Directions for the data below: repeat exactly the lines from the one with "Oliver Peoples OV5376SU" through the one with "Who is it that", both included, and omit all pictures.

§ Records for this exercise:

BEGIN

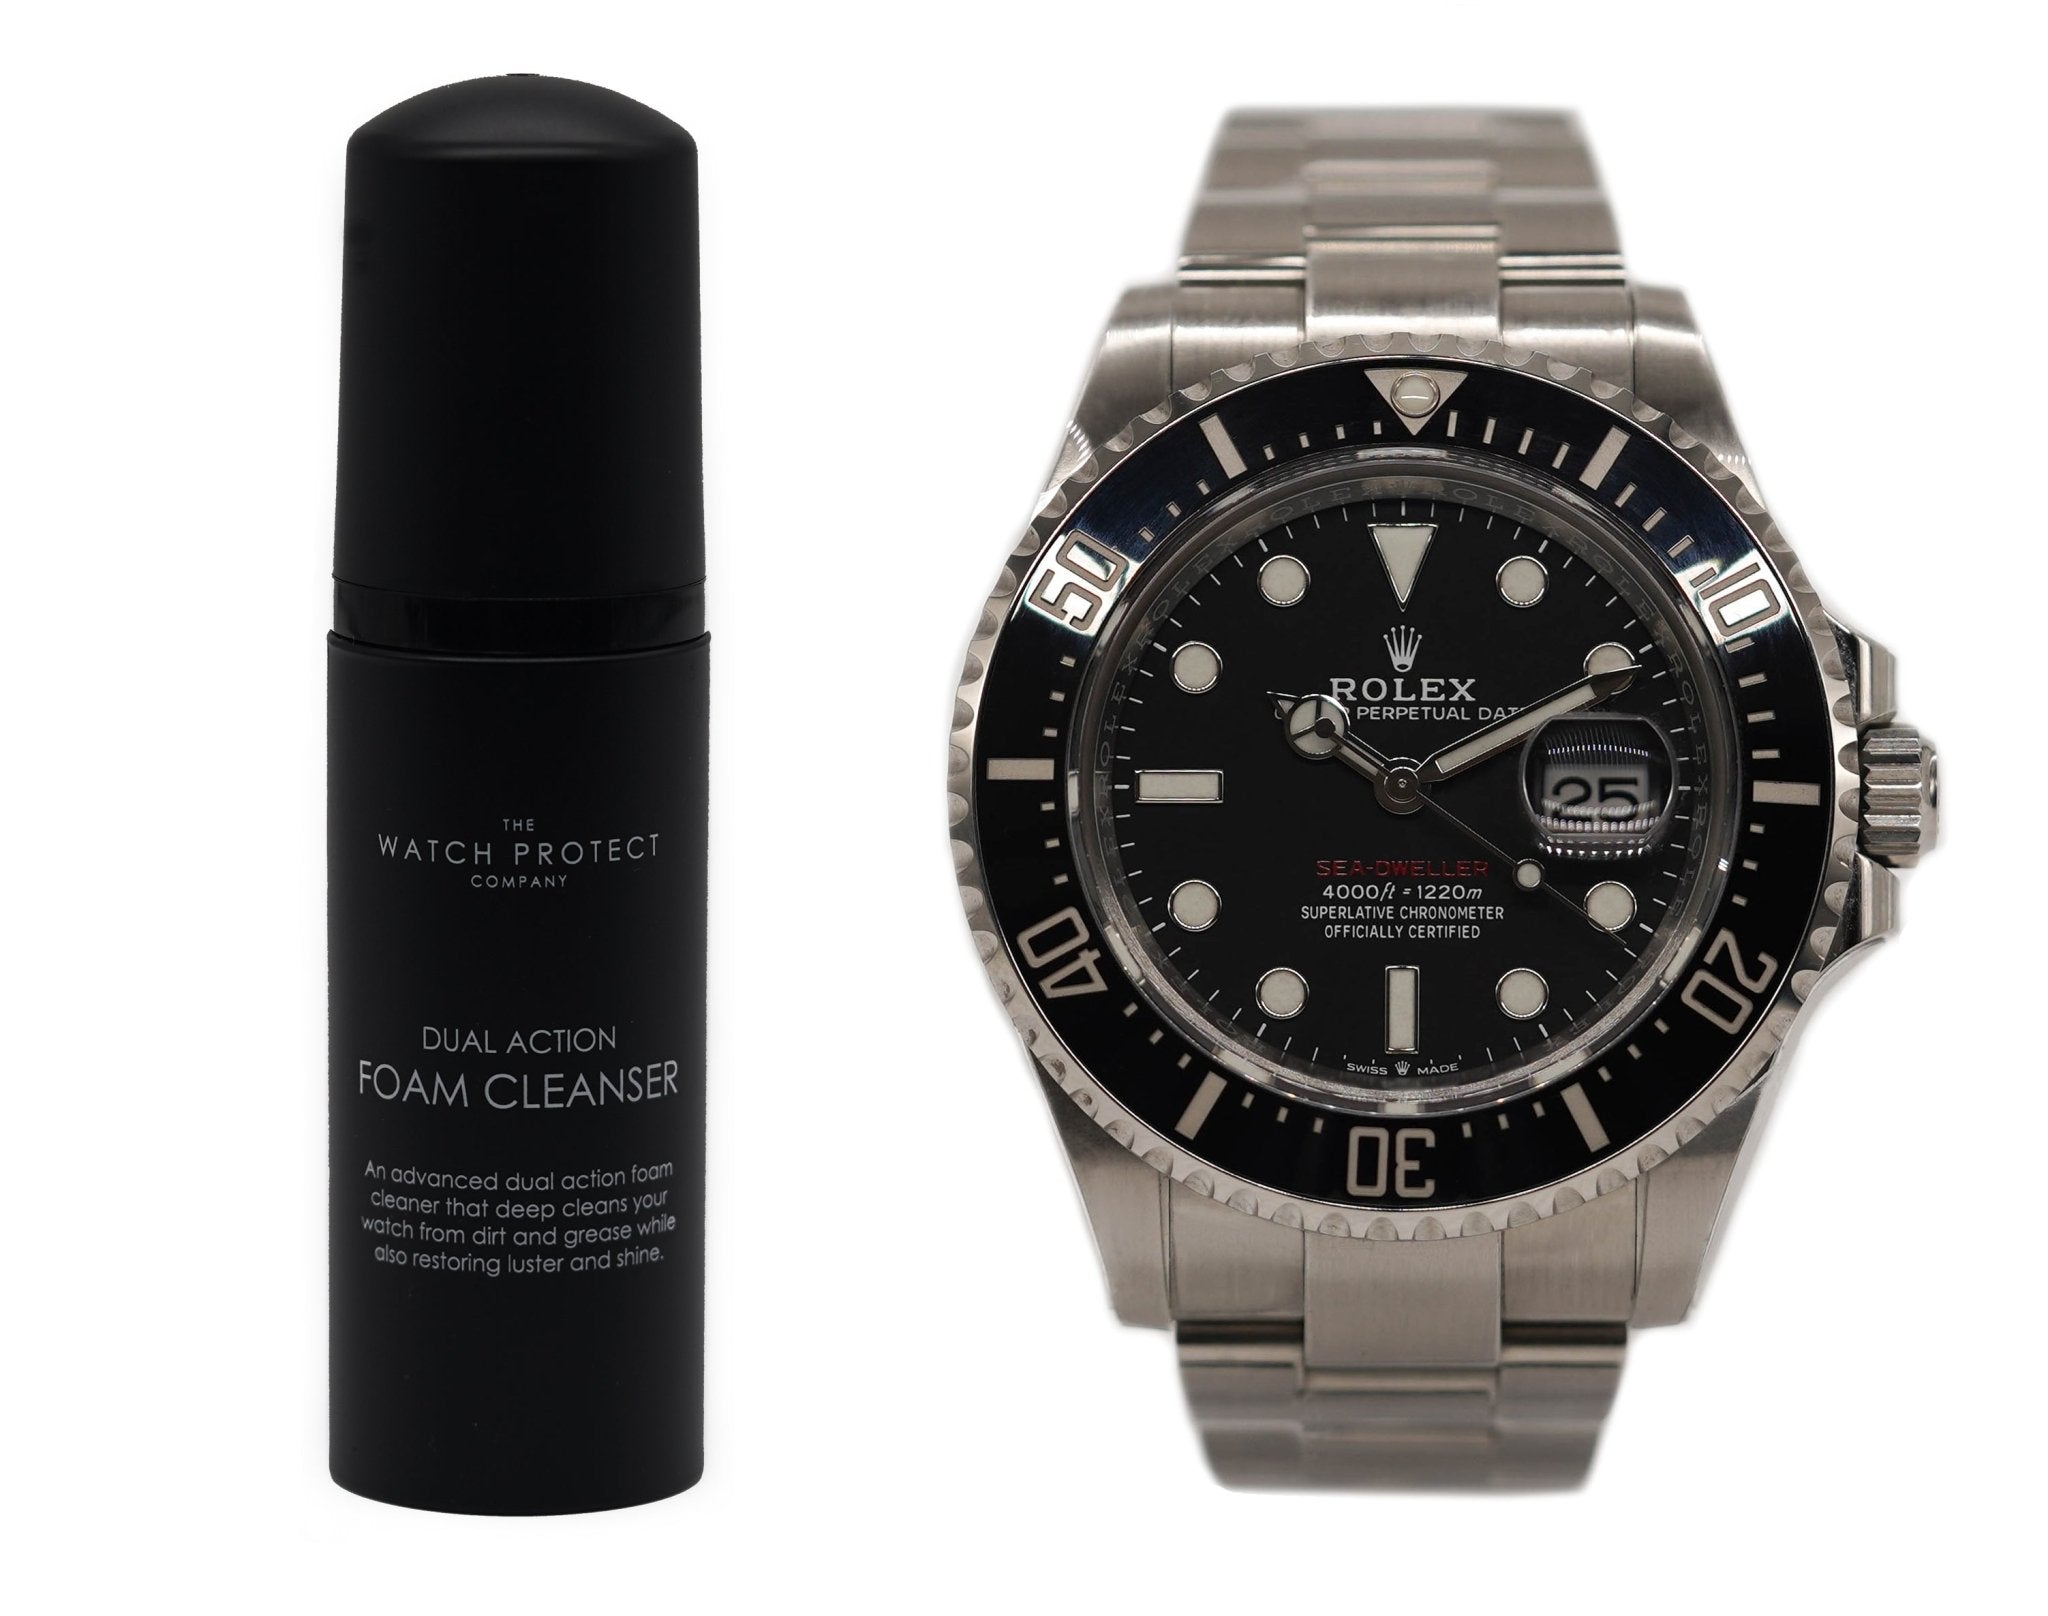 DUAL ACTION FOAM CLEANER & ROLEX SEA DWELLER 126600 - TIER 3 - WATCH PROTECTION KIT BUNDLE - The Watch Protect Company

END
BEGIN

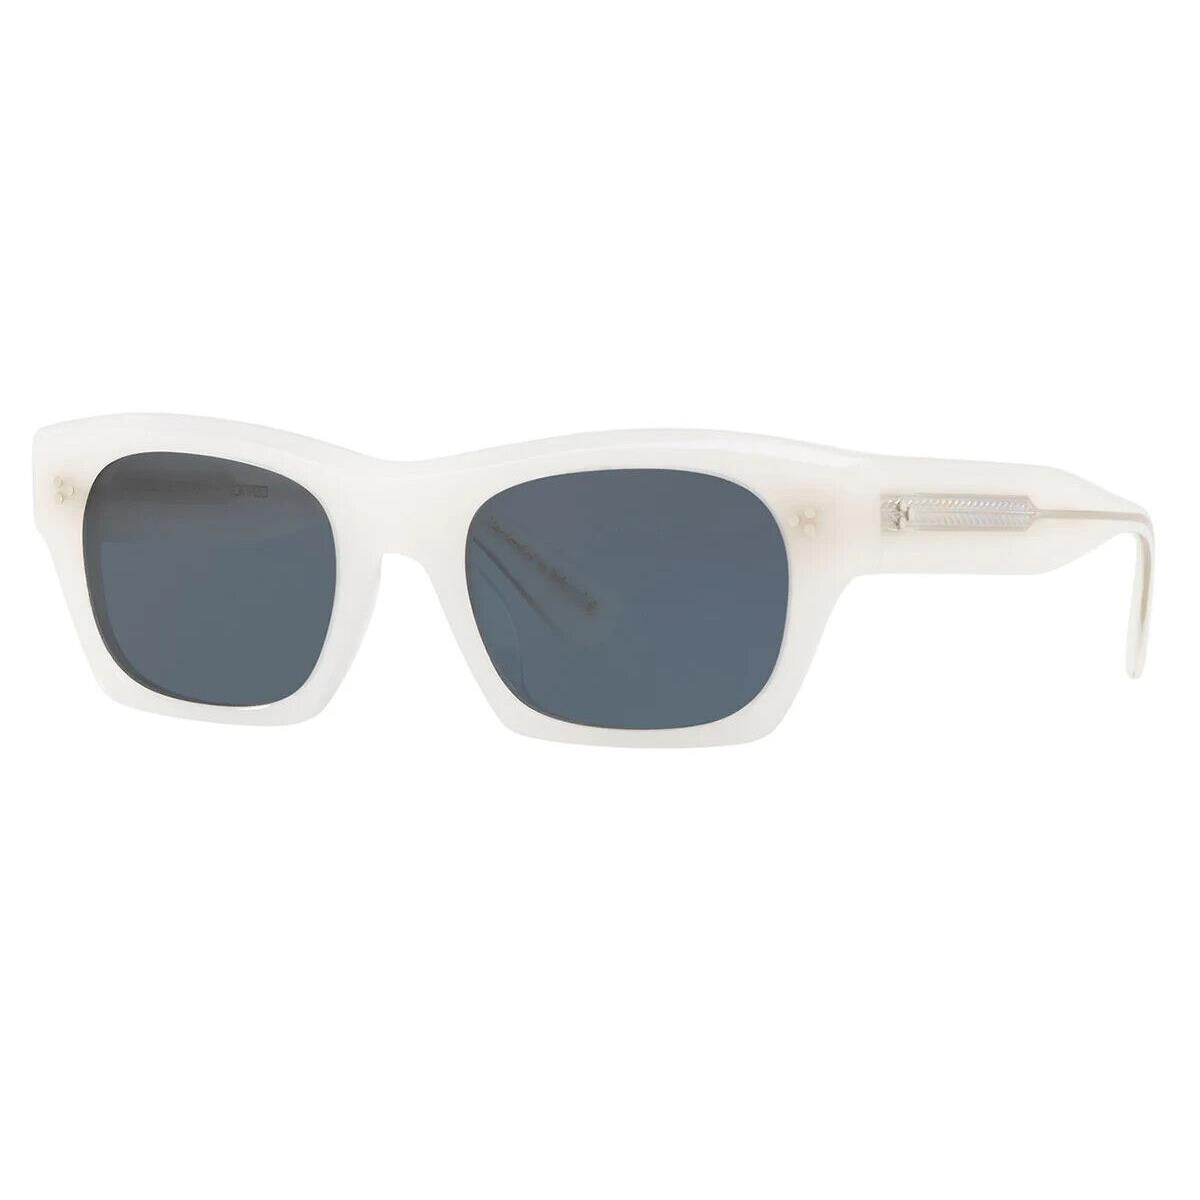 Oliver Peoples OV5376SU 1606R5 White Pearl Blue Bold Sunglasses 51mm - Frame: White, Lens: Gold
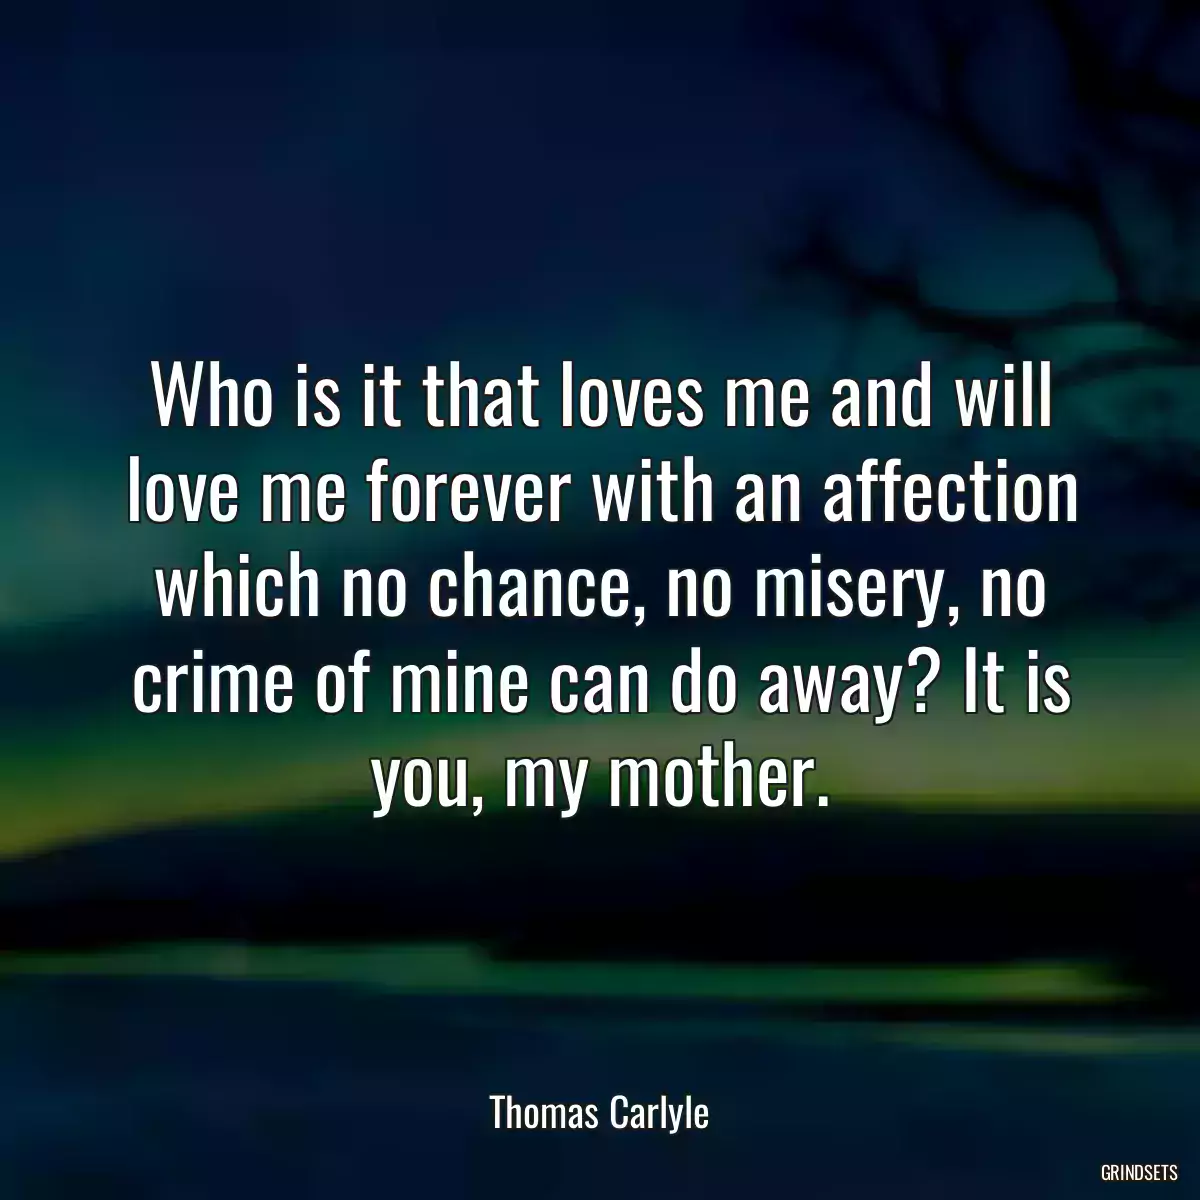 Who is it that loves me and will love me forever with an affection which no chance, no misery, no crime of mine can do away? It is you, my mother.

END

§ Final answer:
 Oliver Peoples OV5376SU 1606R5 White Pearl Blue Bold Sunglasses 51mm - Frame: White, Lens: Gold
 Who is it that loves me and will love me forever with an affection which no chance, no misery, no crime of mine can do away? It is you, my mother.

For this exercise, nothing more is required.